## About this exercise
Each line below should be repeated exactly, but no picture should be carried over.

## Collected data
⁂
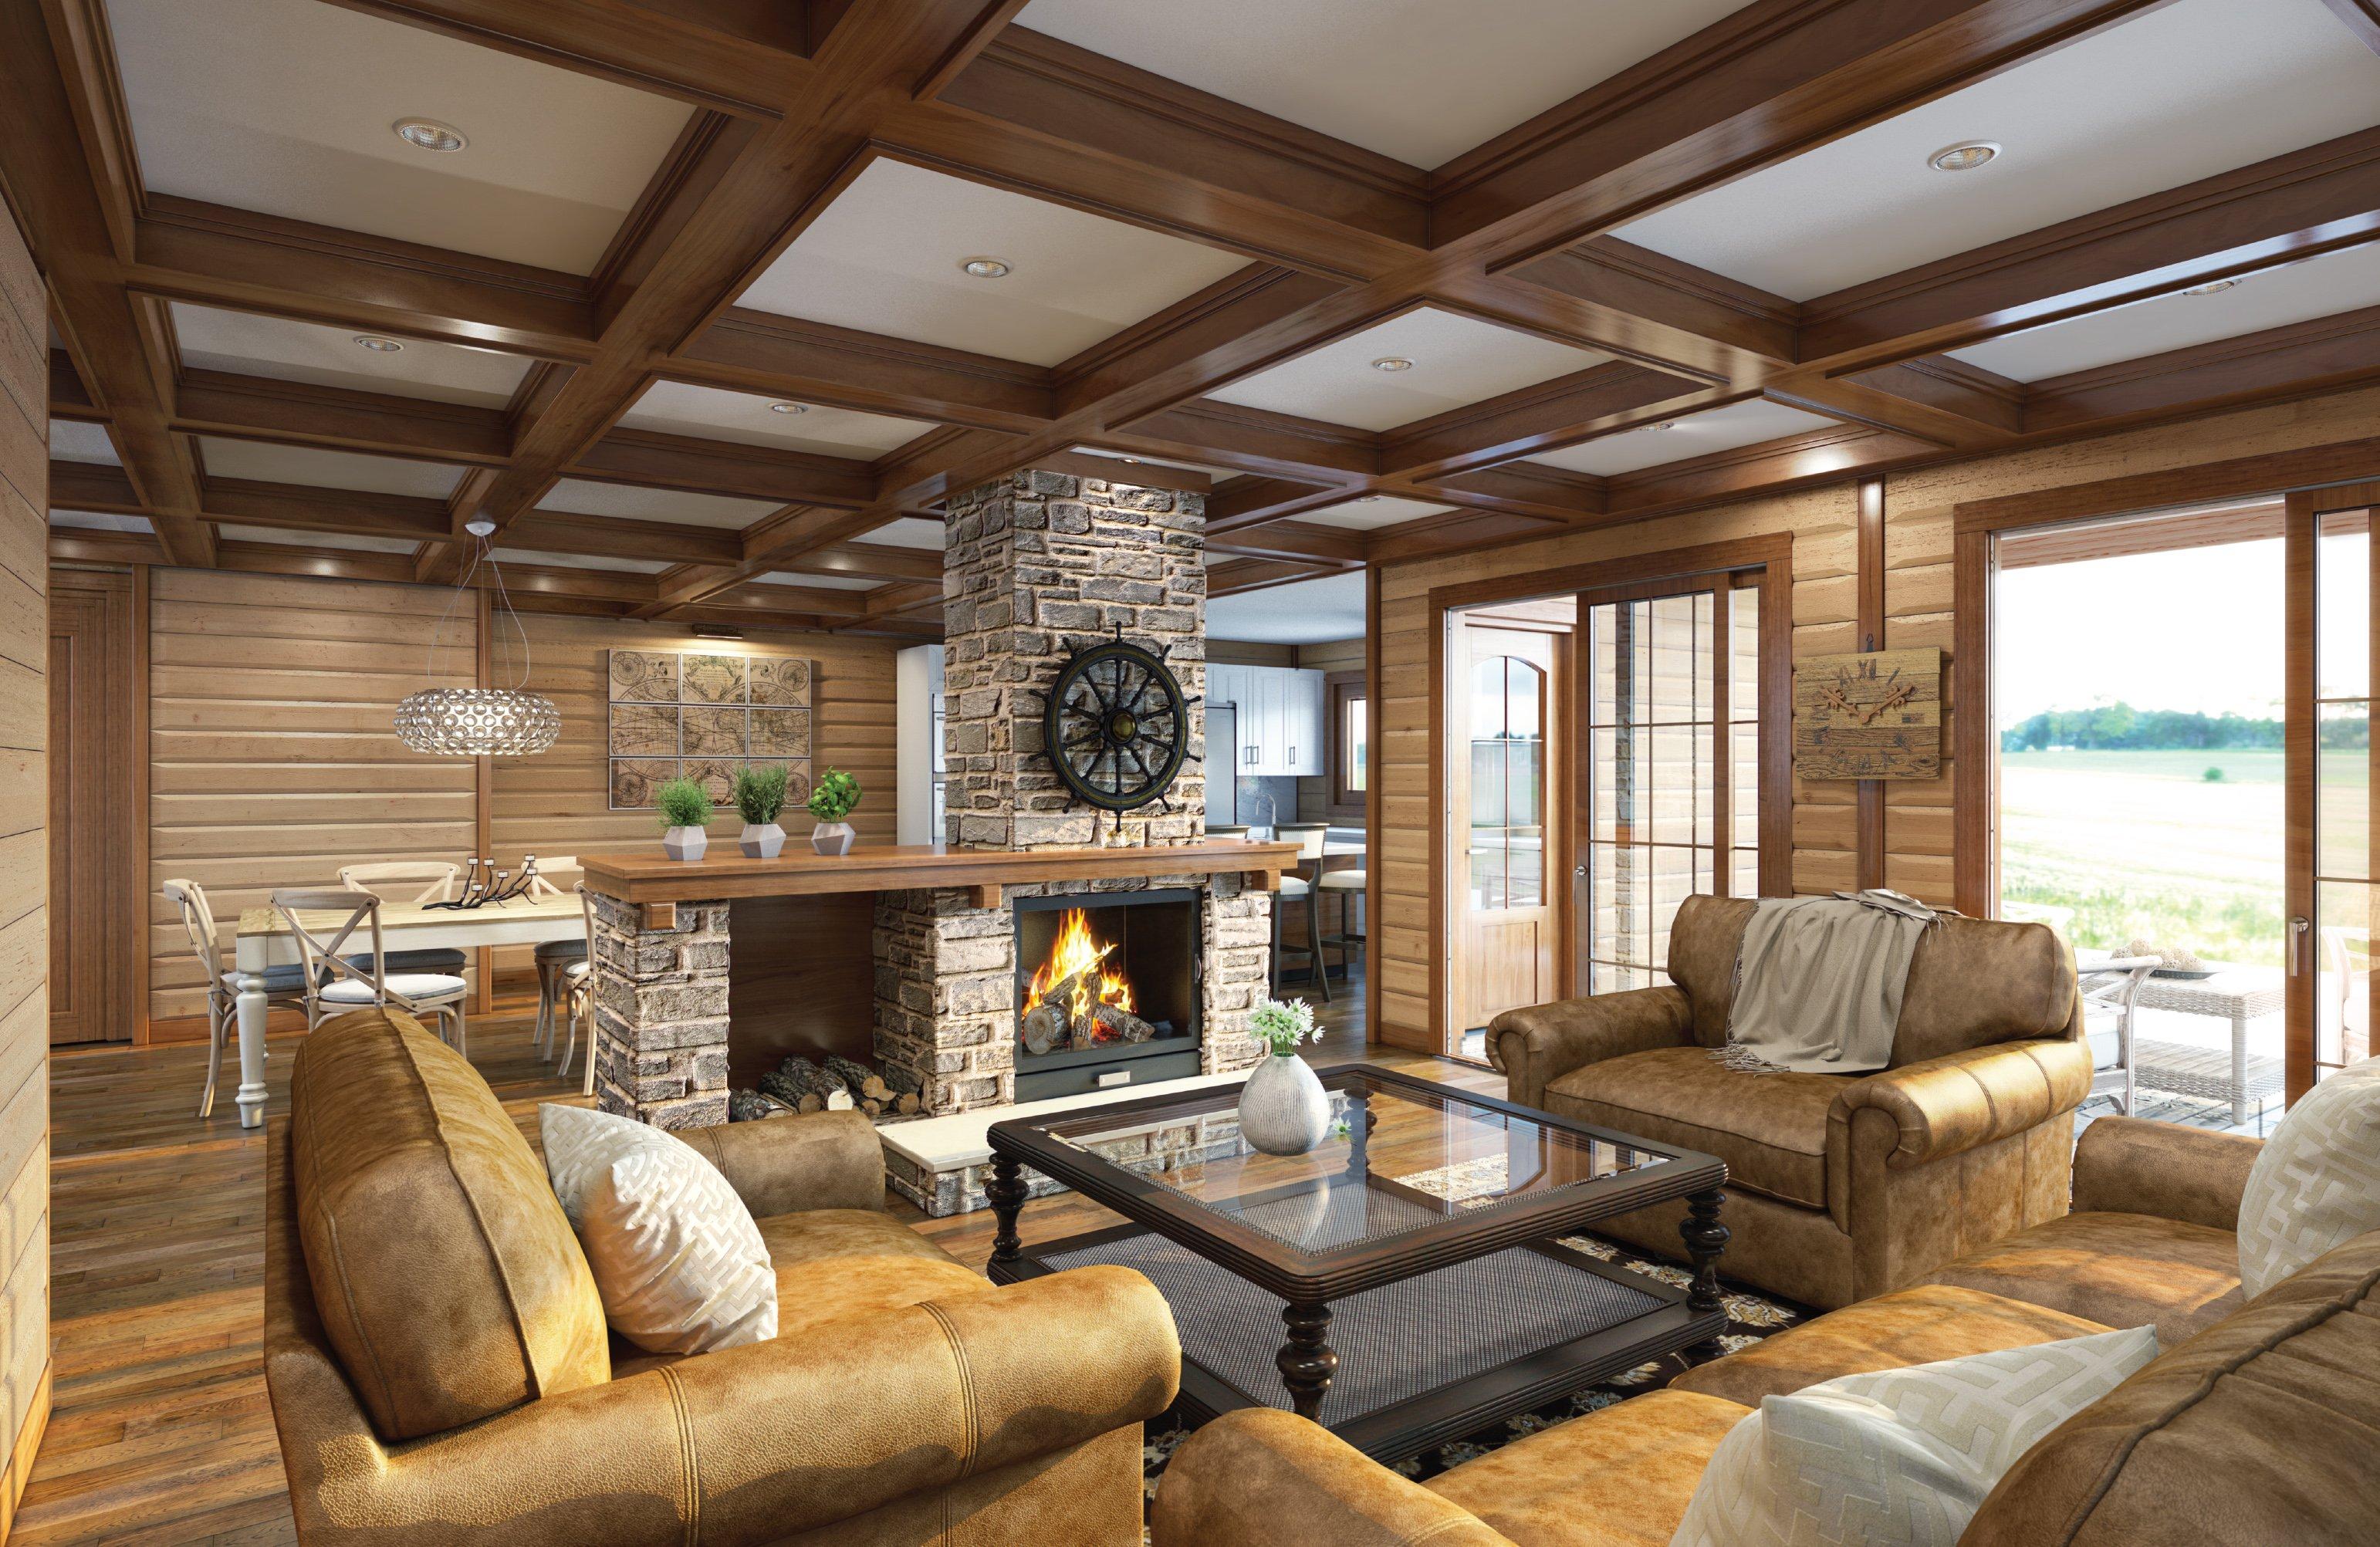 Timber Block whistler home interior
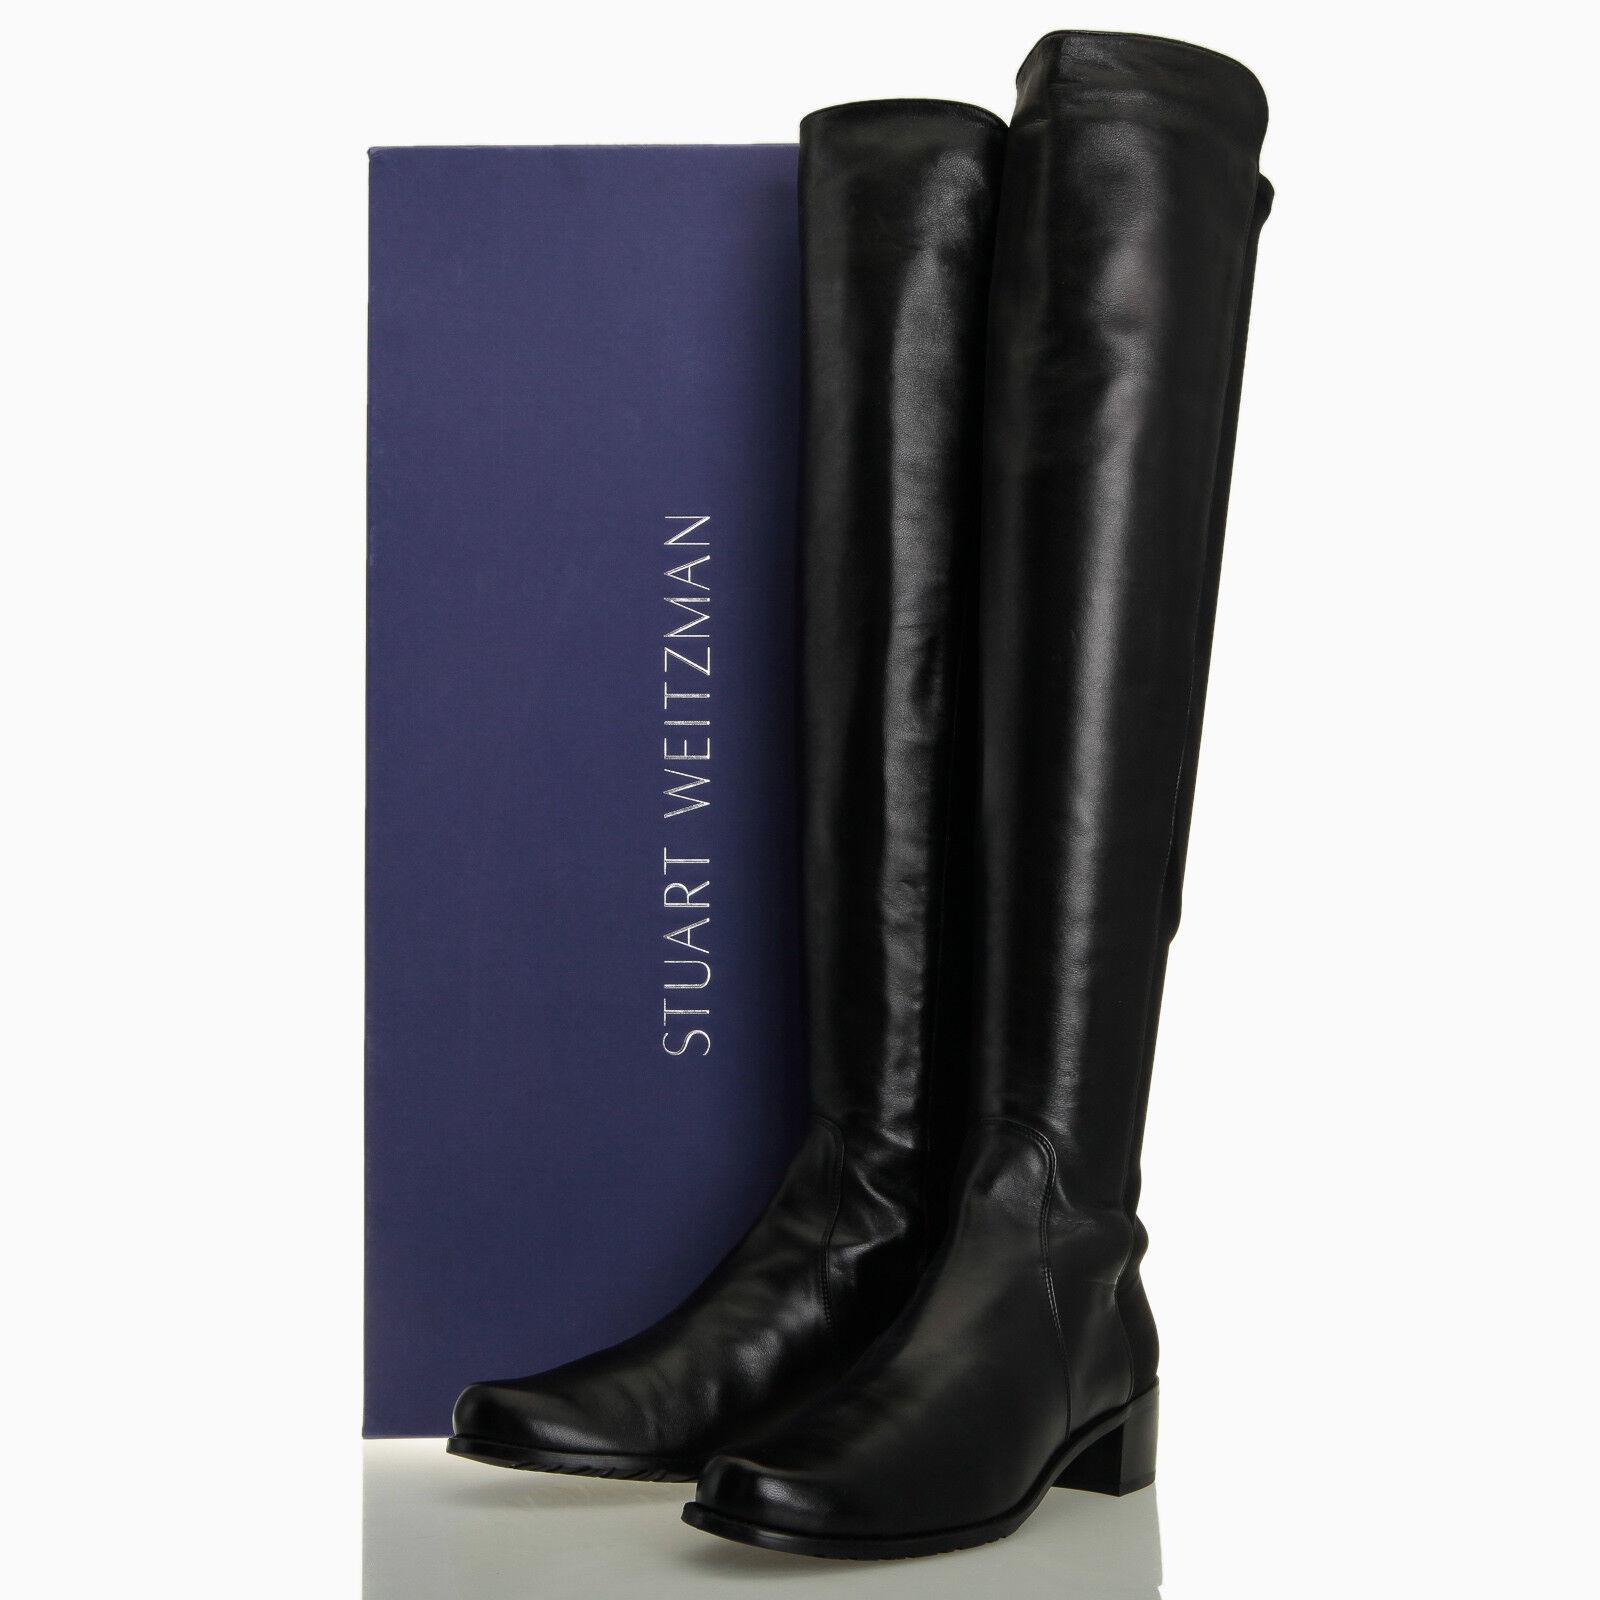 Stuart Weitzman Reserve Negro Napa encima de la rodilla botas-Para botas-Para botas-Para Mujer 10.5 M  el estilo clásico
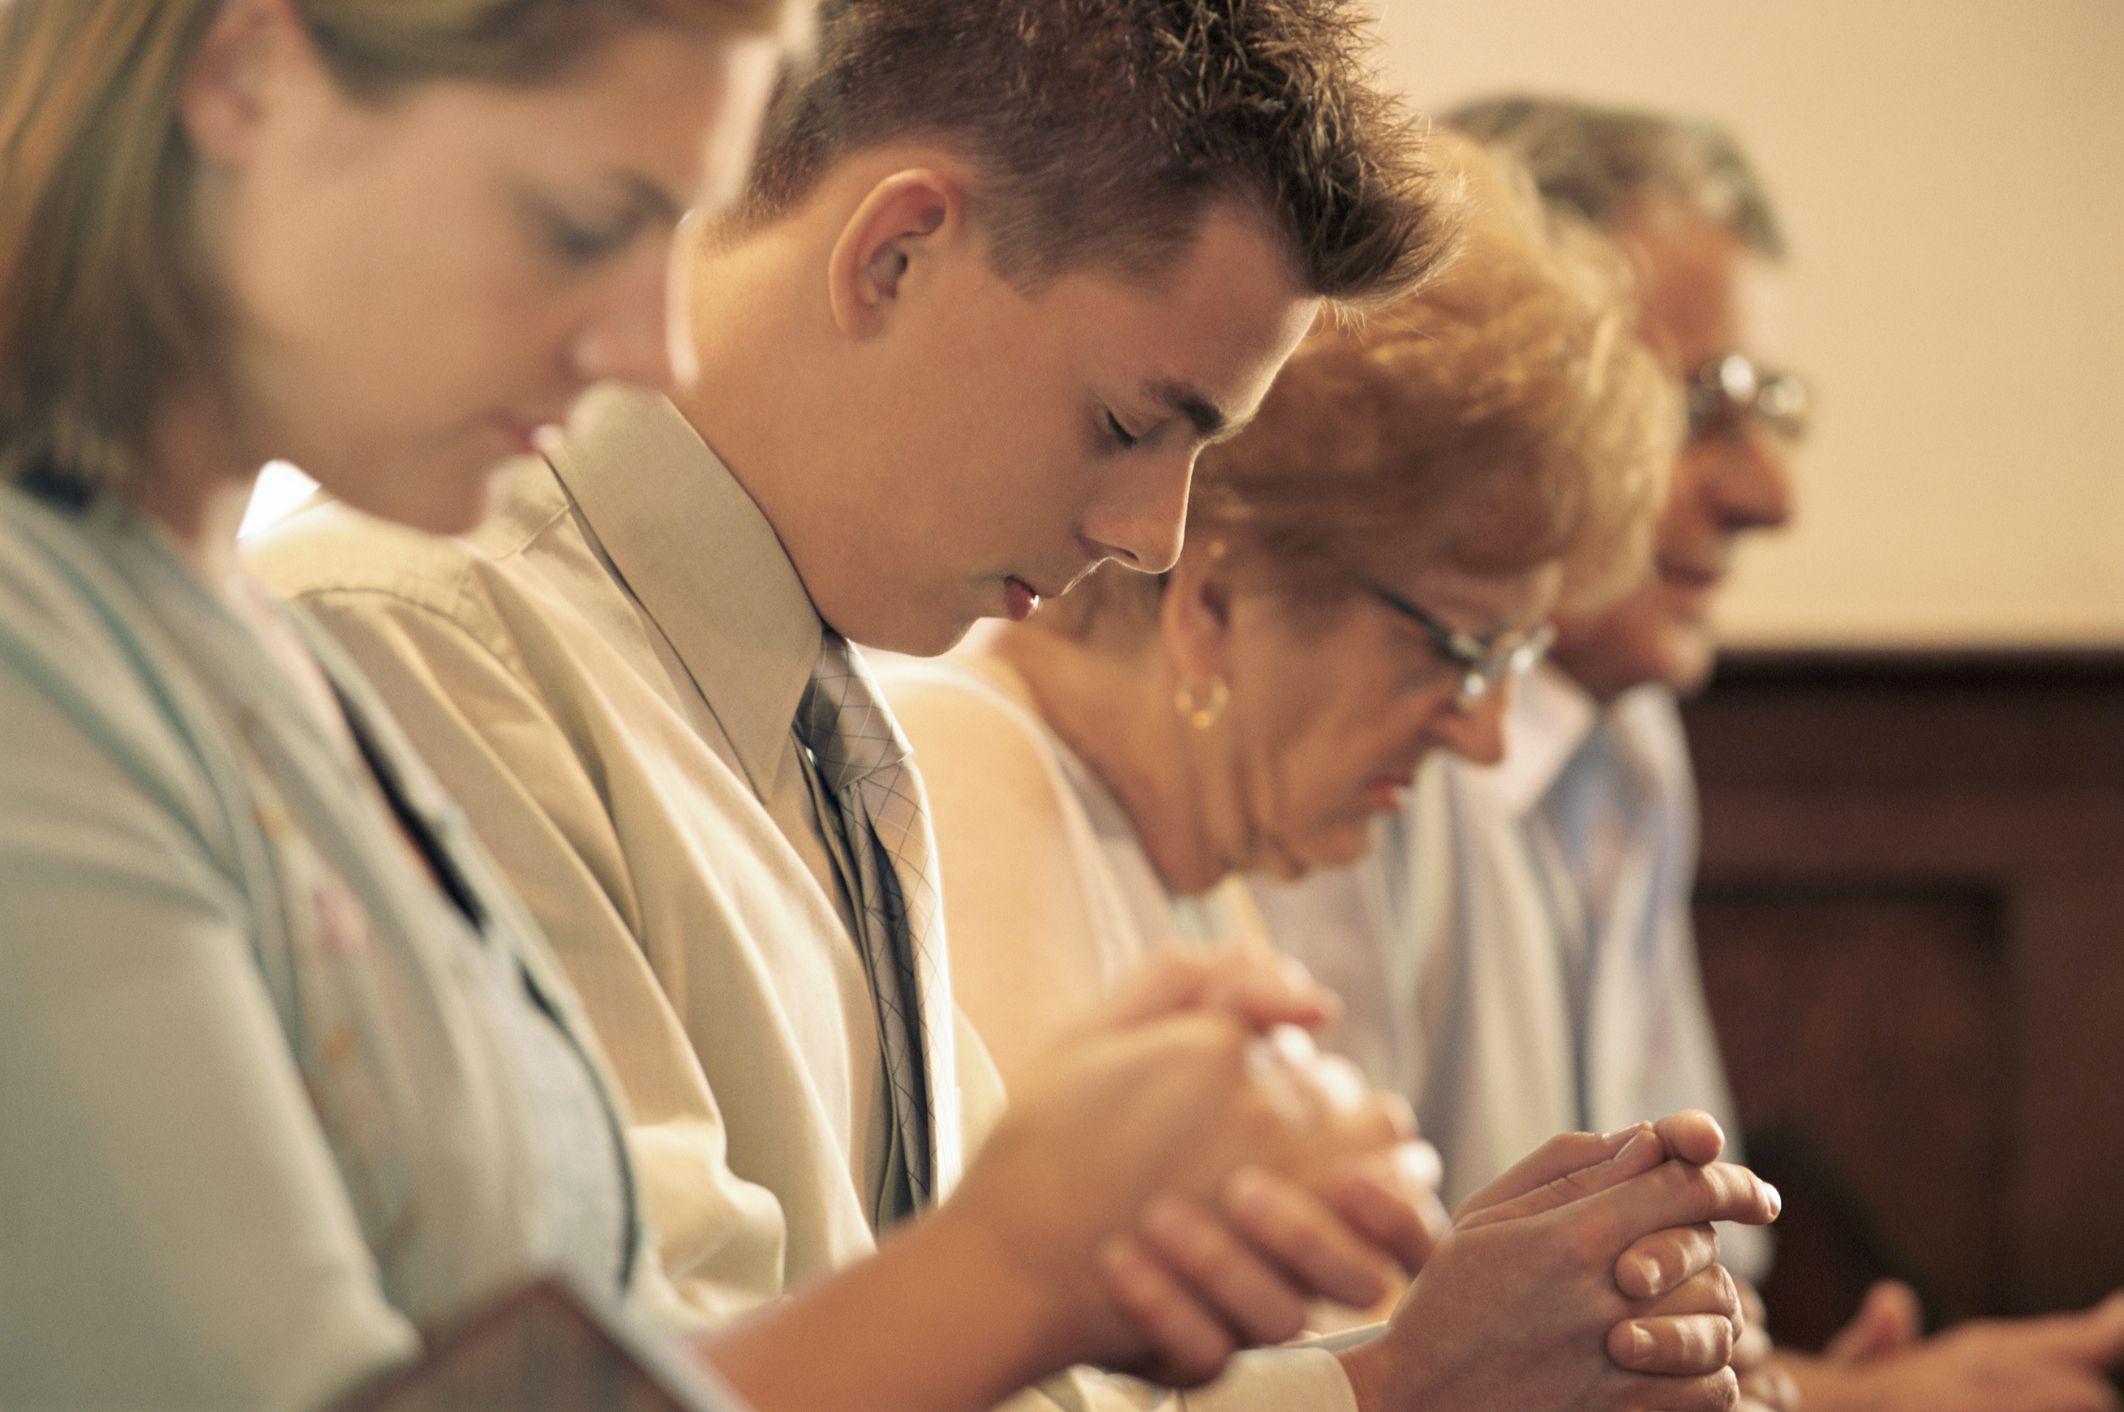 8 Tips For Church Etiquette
⁂
## Problem solution
 Timber Block whistler home interior
 Stuart Weitzman Reserve Negro Napa encima de la rodilla botas-Para botas-Para botas-Para Mujer 10.5 M  el estilo clásico
 8 Tips For Church Etiquette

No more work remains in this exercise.